Dirigida por Barney Elliot con claras reminiscencias al cine social de
Iñarritu, La deuda es una alegoría de
cómo funciona nuestra sociedad, regida por intereses económicos en beneficio
del capitalismo y siempre a merced de los más poderosos, pero apuntando también
con el dedo al débil que no dudará en aprovecharse para su propio beneficio
cuando la ocasión le sea propicia.
Utilizando como excusa la deuda externa de Perú, objeto del deseo de los
tiburones de Nueva York, la trama se divide en tres historias tan, a priori,
diferentes como los problemas de una enfermera por conseguir cita para que
operen a su anciana madre, la negativa de un campesino de Pampacancha de vender
sus tierras a un lugarteniente del lugar que promete grandes beneficios y
bienestar y la historia de un ejecutivo americano y su compañero de orígenes
peruanos que tienen como objetivo comprar todos los bonos del país andino muy
por debajo de su valor real.
Con un planteamiento interesante y una puesta en escena enérgica y
atractiva, Barney Elliot, guionista y director debutante, comete el mismo
riesgo que el mencionado Iñarritu en títulos como Babel o 21 gramos, donde
el empleo de diversos argumentos pueda provocar que alguno de ellos chirríe en
consonancia con los otros, tal y como sucede aquí con la historia ambientada en
Lima, que pese a la importancia capital que tiene en la conclusión forzada y
moralista que unifica los tres argumentos, es por si sola la más inconsistente
e irregular.
Una de las mejores bazas con las que cuenta Elliot para su película es la
recuperación de Stephen Dolff, bastante desaparecido últimamente, junto a la
siempre interesante aportación de David Strathairm, además de la correcta interpretación
de Alberto Ammann, la aparición breve de Carlos Bardem o la presencia de
desconocidos pero cumplidores intérpretes oriundos.
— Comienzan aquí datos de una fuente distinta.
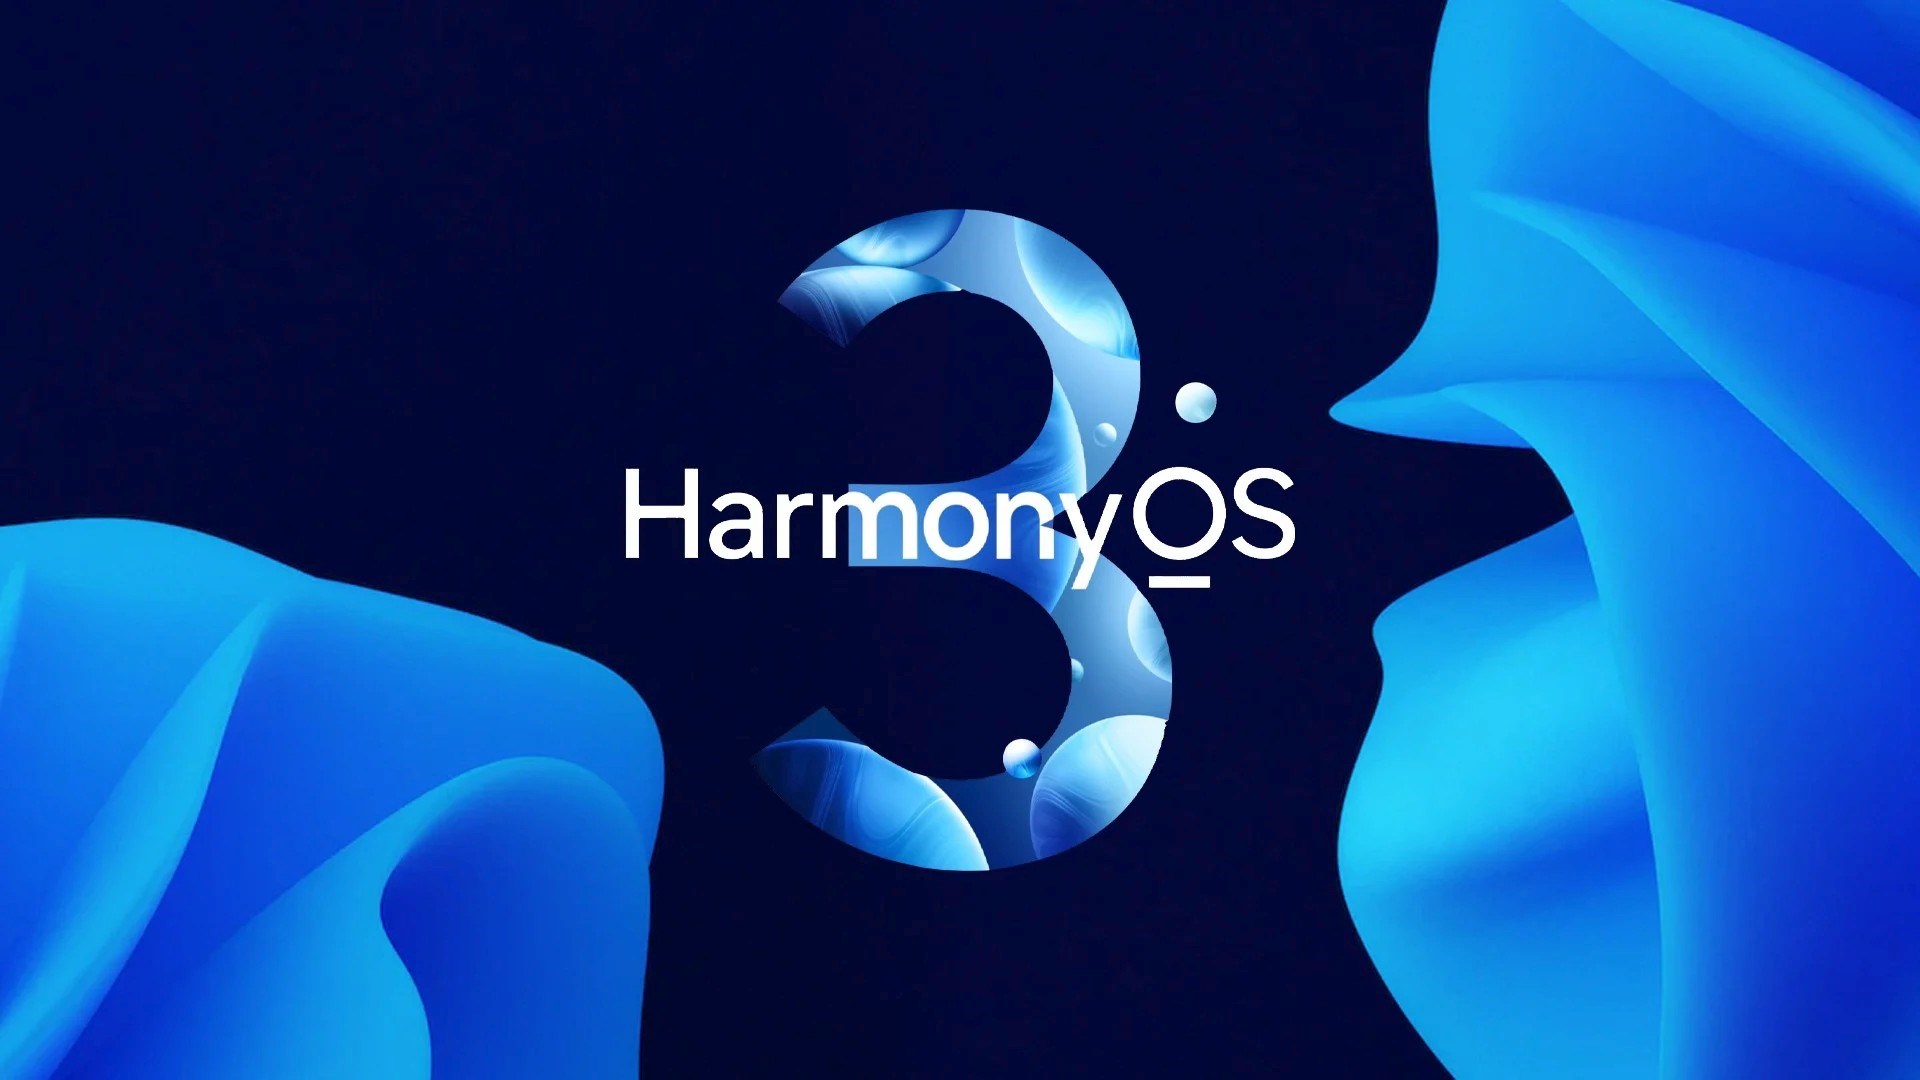 HarmonyOS yüklü cihaz sayısı 320 milyonu geçti

Coproducida entre Estados Unidos, España y Perú, la intención de Elliott es
exteriorizar el problema de la deuda externa peruana para hacerla universal, en
un cuento en el que el malo no es el rico, sino el poderoso, demostrando que
cualquiera puede ser egoísta en pos de su propio beneficio sin reparar en que
cada acción tiene su consecuencia, lo cual es ya de por sí una loable
intención, por más que a la postre el mensaje de redención quede algo
maniqueista y forzado, lo que junto a una imagen (a mi entender) algo triste
del país andino (echo de menos una mejor utilización de los paisajes, quizá con
alguna panorámica algo más generosa que las que nos ofrece Elliot) deslucen el
resultado final de la obra.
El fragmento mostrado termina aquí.